-- Work task --
Within the entries below, find the portion that opens with the line containing "#A74B24 Ideias de" and closes with the line containing "Smoby Supermarkt mit". Retype that portion exactly and only.

-- Supplied information --
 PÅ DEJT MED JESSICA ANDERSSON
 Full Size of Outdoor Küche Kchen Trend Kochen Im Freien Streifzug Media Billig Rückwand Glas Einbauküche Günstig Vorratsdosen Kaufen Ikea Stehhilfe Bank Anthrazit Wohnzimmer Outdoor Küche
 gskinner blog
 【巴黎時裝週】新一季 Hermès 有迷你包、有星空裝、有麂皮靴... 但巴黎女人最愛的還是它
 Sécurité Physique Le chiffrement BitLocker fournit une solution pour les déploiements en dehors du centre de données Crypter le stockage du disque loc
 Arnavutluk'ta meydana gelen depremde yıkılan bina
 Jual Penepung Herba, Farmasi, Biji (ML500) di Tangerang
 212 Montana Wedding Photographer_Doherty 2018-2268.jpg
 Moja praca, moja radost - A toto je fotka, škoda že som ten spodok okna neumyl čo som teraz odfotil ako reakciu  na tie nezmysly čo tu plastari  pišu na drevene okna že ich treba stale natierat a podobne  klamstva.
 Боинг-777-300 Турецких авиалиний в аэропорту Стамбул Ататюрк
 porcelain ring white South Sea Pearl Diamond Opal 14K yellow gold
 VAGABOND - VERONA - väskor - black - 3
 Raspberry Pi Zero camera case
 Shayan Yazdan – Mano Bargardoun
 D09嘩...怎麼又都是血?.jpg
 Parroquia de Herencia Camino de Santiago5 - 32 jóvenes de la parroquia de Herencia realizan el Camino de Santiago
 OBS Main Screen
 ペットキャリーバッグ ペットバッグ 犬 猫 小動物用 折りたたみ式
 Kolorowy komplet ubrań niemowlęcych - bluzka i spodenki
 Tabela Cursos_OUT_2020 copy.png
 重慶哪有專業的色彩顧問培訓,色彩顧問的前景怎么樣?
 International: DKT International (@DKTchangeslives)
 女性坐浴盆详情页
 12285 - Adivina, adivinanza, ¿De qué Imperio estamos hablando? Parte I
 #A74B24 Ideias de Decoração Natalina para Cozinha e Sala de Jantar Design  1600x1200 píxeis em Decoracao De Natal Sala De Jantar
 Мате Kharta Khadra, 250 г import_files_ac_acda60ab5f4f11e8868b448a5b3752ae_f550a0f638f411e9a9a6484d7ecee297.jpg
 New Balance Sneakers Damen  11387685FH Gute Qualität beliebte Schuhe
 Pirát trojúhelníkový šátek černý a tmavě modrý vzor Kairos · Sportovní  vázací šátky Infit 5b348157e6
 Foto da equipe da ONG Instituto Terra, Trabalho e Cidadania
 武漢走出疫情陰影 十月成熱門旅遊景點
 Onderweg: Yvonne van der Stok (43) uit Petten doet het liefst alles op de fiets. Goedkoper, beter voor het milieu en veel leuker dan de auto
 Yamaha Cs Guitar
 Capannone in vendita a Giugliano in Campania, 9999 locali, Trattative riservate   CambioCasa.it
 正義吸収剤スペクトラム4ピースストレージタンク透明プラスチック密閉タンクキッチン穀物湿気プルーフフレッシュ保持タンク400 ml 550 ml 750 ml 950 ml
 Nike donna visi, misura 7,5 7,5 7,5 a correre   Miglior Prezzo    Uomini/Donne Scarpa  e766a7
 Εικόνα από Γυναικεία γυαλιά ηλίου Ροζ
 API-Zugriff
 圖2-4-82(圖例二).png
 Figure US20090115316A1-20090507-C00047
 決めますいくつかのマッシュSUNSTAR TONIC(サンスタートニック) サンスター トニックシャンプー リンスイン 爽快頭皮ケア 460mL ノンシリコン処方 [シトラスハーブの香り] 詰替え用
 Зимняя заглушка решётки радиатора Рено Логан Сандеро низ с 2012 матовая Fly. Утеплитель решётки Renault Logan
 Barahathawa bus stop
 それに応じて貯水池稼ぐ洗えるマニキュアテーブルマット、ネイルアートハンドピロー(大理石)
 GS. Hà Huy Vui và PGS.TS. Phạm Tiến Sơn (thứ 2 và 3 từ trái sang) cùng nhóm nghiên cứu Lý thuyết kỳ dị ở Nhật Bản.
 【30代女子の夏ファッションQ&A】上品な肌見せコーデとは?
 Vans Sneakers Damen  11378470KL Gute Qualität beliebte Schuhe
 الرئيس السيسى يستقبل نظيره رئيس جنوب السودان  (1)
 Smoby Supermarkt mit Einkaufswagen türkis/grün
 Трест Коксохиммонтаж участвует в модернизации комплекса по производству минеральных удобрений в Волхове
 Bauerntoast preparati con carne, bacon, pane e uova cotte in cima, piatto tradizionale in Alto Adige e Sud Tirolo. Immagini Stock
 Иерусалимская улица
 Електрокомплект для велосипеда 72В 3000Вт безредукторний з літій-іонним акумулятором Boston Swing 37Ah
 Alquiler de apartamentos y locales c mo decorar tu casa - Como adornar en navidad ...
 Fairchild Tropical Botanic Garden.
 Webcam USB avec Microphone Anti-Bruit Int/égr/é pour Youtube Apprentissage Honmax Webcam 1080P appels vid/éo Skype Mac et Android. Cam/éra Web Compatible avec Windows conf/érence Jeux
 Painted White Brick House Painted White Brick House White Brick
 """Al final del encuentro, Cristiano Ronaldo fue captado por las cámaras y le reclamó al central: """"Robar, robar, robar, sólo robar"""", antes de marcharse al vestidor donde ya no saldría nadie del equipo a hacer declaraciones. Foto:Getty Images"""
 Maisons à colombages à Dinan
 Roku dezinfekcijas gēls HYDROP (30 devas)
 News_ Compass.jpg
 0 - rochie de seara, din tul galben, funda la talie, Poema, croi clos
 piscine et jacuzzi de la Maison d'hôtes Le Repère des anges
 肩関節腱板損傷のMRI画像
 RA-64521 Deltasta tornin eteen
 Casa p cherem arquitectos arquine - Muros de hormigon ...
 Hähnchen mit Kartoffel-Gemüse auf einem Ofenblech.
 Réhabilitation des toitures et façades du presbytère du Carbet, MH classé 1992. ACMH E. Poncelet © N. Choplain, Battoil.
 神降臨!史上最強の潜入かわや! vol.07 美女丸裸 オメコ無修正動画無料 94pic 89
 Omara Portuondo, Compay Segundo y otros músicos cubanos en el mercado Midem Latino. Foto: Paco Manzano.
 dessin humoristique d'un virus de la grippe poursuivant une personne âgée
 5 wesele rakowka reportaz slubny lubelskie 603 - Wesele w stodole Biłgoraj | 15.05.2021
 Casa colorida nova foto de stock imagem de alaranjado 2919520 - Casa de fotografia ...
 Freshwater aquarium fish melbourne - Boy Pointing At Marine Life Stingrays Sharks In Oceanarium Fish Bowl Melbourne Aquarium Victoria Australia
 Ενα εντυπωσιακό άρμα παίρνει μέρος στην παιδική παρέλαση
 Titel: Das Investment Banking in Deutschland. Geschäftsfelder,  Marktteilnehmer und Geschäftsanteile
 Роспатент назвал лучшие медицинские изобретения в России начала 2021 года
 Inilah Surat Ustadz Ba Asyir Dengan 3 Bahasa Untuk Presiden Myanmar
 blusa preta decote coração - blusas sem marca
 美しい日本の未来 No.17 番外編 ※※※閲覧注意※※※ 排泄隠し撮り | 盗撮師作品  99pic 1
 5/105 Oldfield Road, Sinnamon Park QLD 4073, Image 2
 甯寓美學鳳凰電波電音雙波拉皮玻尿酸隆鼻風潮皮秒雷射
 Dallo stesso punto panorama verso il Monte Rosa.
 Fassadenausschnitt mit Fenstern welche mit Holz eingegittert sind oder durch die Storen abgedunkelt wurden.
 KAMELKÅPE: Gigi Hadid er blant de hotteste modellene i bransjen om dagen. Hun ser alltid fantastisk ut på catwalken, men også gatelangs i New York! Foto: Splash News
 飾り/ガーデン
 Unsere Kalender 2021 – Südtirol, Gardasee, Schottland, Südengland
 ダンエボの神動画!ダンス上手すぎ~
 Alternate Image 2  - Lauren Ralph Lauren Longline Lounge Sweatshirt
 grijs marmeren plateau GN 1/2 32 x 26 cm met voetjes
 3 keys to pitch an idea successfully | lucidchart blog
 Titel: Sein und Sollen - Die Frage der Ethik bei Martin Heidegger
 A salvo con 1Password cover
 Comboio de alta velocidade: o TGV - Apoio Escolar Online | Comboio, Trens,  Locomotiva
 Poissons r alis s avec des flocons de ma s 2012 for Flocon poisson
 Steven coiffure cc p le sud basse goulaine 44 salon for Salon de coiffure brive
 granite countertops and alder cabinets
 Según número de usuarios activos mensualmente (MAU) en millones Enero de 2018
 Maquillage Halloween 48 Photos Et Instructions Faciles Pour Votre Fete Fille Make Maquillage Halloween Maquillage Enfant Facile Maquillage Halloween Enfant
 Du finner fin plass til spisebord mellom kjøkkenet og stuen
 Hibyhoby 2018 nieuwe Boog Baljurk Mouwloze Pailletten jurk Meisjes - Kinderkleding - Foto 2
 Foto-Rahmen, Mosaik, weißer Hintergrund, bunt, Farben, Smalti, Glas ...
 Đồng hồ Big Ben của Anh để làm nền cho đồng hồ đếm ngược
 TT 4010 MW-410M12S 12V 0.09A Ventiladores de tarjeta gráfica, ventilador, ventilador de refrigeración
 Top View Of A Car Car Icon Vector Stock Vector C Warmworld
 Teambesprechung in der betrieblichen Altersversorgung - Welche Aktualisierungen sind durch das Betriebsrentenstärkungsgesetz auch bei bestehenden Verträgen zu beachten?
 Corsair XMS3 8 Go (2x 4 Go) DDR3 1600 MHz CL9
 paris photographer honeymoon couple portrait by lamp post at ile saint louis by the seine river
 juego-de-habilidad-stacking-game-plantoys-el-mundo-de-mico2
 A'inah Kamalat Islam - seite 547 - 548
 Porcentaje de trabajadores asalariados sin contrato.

-- Answer for the task --
 #A74B24 Ideias de Decoração Natalina para Cozinha e Sala de Jantar Design  1600x1200 píxeis em Decoracao De Natal Sala De Jantar
 Мате Kharta Khadra, 250 г import_files_ac_acda60ab5f4f11e8868b448a5b3752ae_f550a0f638f411e9a9a6484d7ecee297.jpg
 New Balance Sneakers Damen  11387685FH Gute Qualität beliebte Schuhe
 Pirát trojúhelníkový šátek černý a tmavě modrý vzor Kairos · Sportovní  vázací šátky Infit 5b348157e6
 Foto da equipe da ONG Instituto Terra, Trabalho e Cidadania
 武漢走出疫情陰影 十月成熱門旅遊景點
 Onderweg: Yvonne van der Stok (43) uit Petten doet het liefst alles op de fiets. Goedkoper, beter voor het milieu en veel leuker dan de auto
 Yamaha Cs Guitar
 Capannone in vendita a Giugliano in Campania, 9999 locali, Trattative riservate   CambioCasa.it
 正義吸収剤スペクトラム4ピースストレージタンク透明プラスチック密閉タンクキッチン穀物湿気プルーフフレッシュ保持タンク400 ml 550 ml 750 ml 950 ml
 Nike donna visi, misura 7,5 7,5 7,5 a correre   Miglior Prezzo    Uomini/Donne Scarpa  e766a7
 Εικόνα από Γυναικεία γυαλιά ηλίου Ροζ
 API-Zugriff
 圖2-4-82(圖例二).png
 Figure US20090115316A1-20090507-C00047
 決めますいくつかのマッシュSUNSTAR TONIC(サンスタートニック) サンスター トニックシャンプー リンスイン 爽快頭皮ケア 460mL ノンシリコン処方 [シトラスハーブの香り] 詰替え用
 Зимняя заглушка решётки радиатора Рено Логан Сандеро низ с 2012 матовая Fly. Утеплитель решётки Renault Logan
 Barahathawa bus stop
 それに応じて貯水池稼ぐ洗えるマニキュアテーブルマット、ネイルアートハンドピロー(大理石)
 GS. Hà Huy Vui và PGS.TS. Phạm Tiến Sơn (thứ 2 và 3 từ trái sang) cùng nhóm nghiên cứu Lý thuyết kỳ dị ở Nhật Bản.
 【30代女子の夏ファッションQ&A】上品な肌見せコーデとは?
 Vans Sneakers Damen  11378470KL Gute Qualität beliebte Schuhe
 الرئيس السيسى يستقبل نظيره رئيس جنوب السودان  (1)
 Smoby Supermarkt mit Einkaufswagen türkis/grün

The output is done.